■ **WHAT IS REQUIRED**
Among the lines of the listing below, retype exactly those from the one containing "Coffee Tables : Oval" through the one containing "ROMEE Set Of", both included. Do not include pictures.

■ **GIVEN INFORMATION**
-*-*-
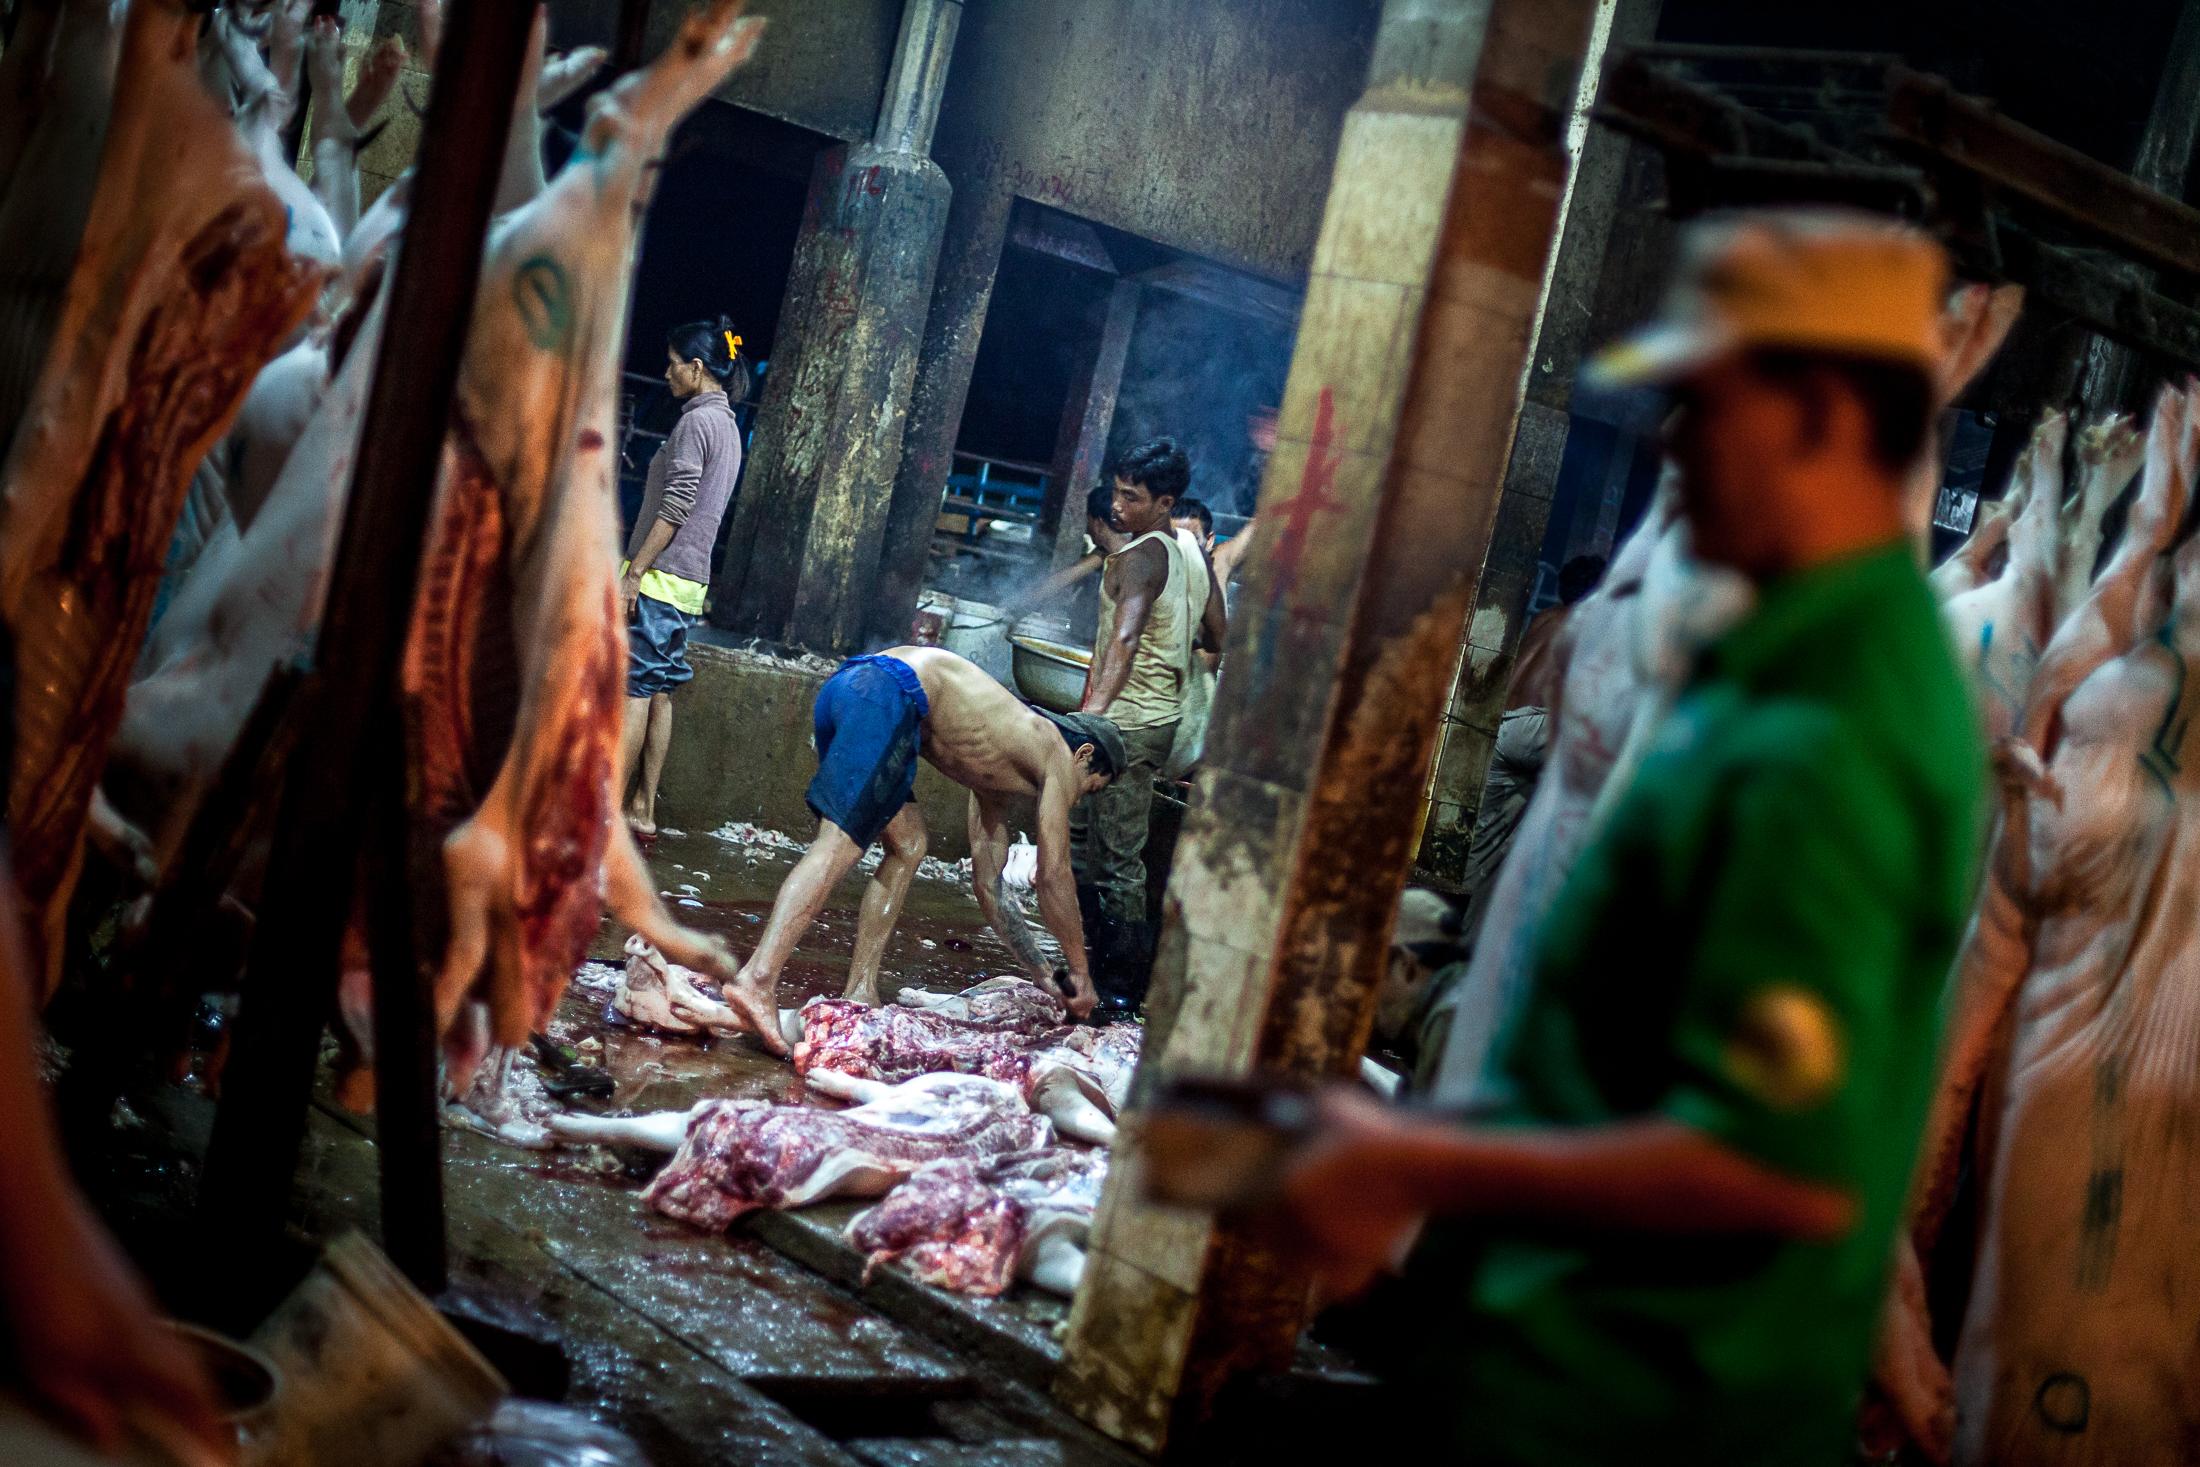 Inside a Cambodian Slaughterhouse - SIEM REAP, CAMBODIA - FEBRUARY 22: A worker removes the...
-*-*-
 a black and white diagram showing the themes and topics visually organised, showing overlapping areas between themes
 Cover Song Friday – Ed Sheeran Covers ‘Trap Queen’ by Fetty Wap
-*-*-
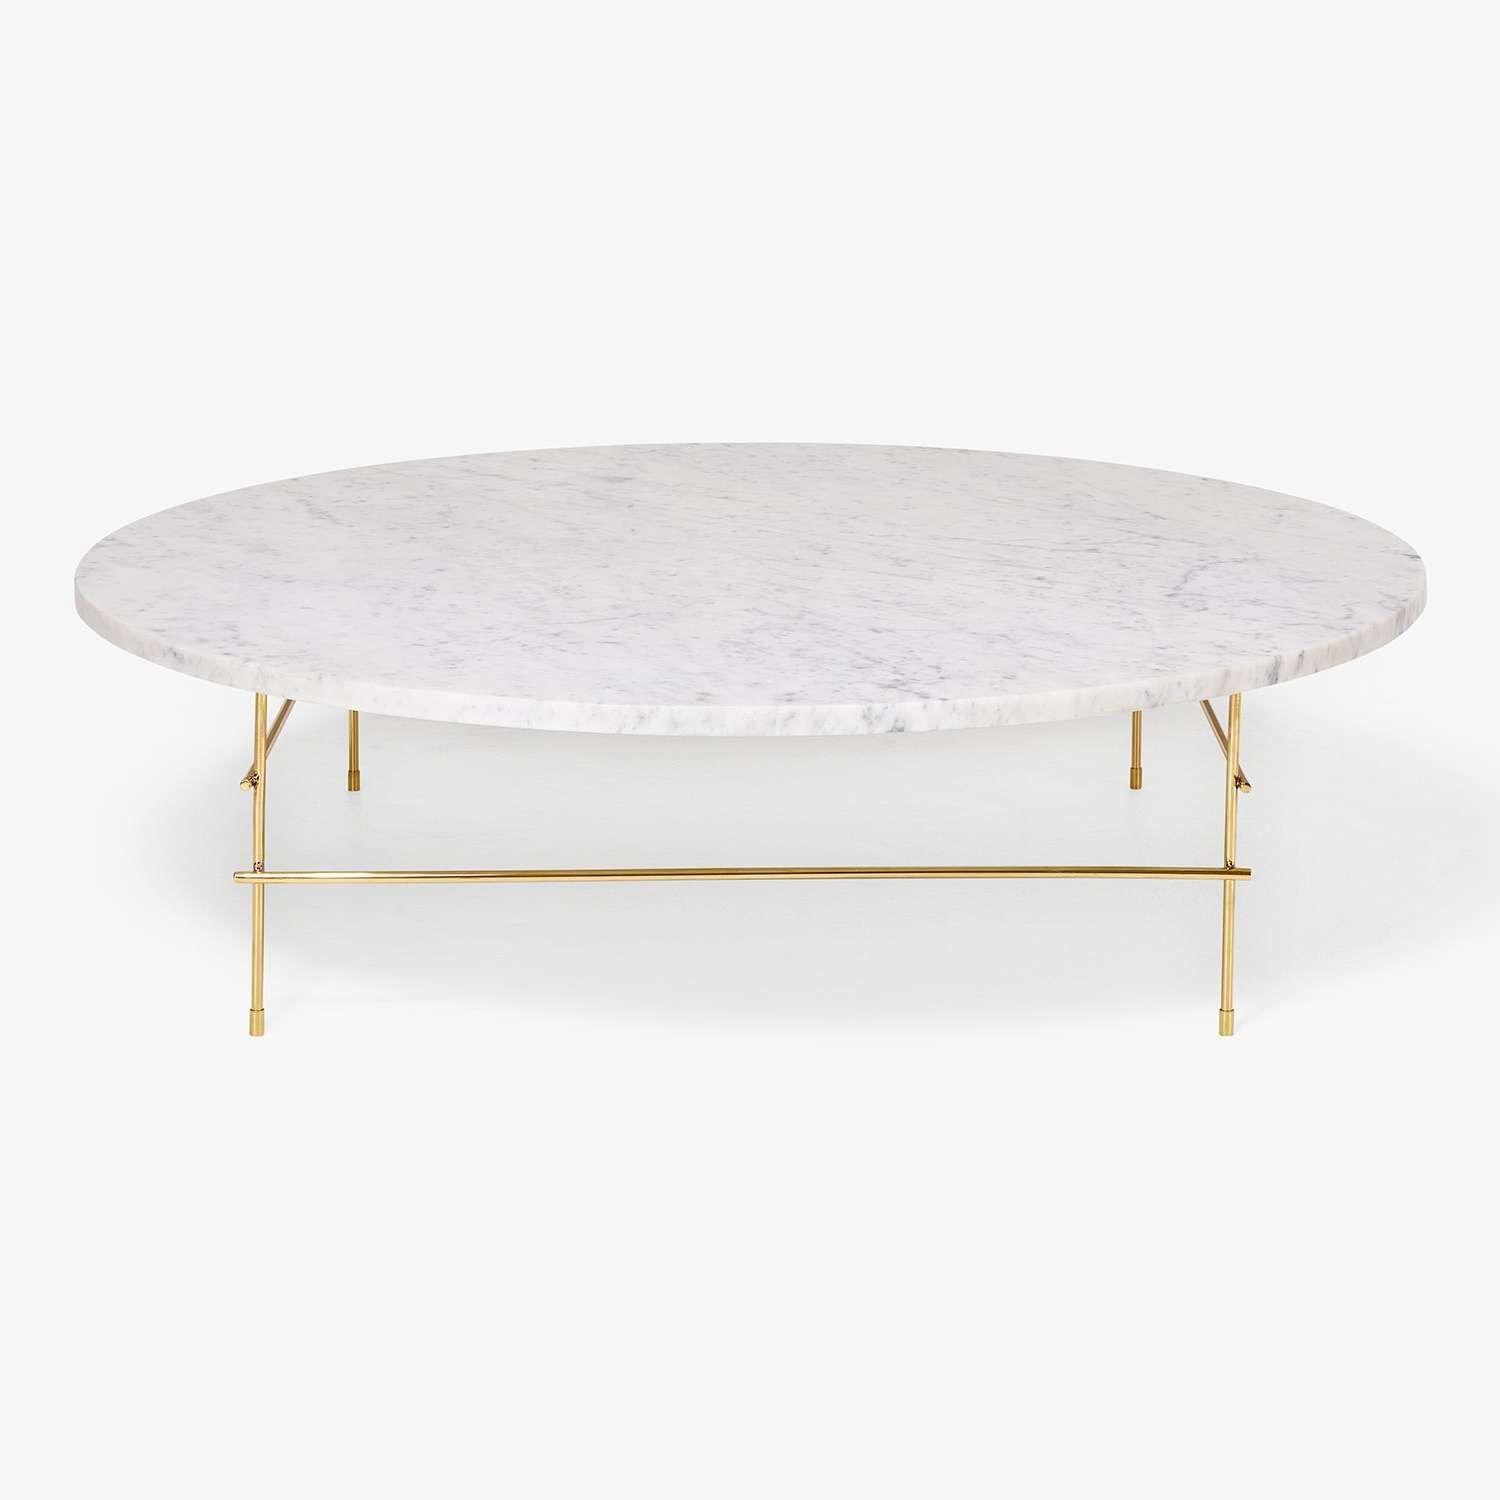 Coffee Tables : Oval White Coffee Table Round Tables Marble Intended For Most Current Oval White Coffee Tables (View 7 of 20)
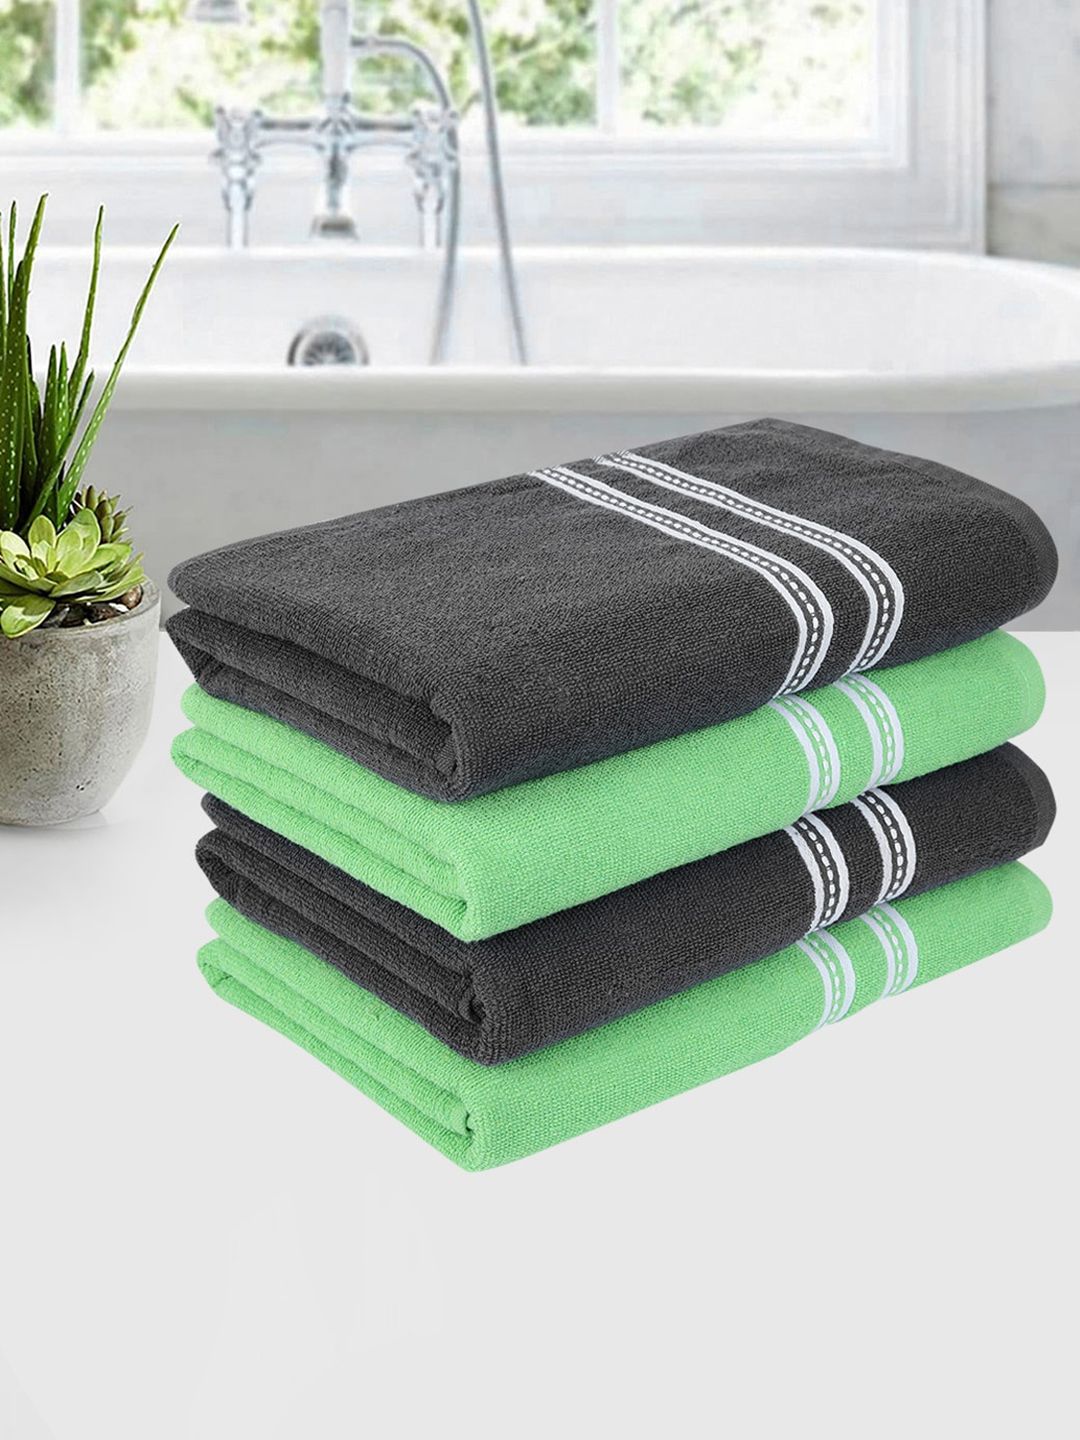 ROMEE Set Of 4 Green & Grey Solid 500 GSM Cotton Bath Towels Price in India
-*-*-
■ **SOLUTION BELOW**
 Coffee Tables : Oval White Coffee Table Round Tables Marble Intended For Most Current Oval White Coffee Tables (View 7 of 20)
 ROMEE Set Of 4 Green & Grey Solid 500 GSM Cotton Bath Towels Price in India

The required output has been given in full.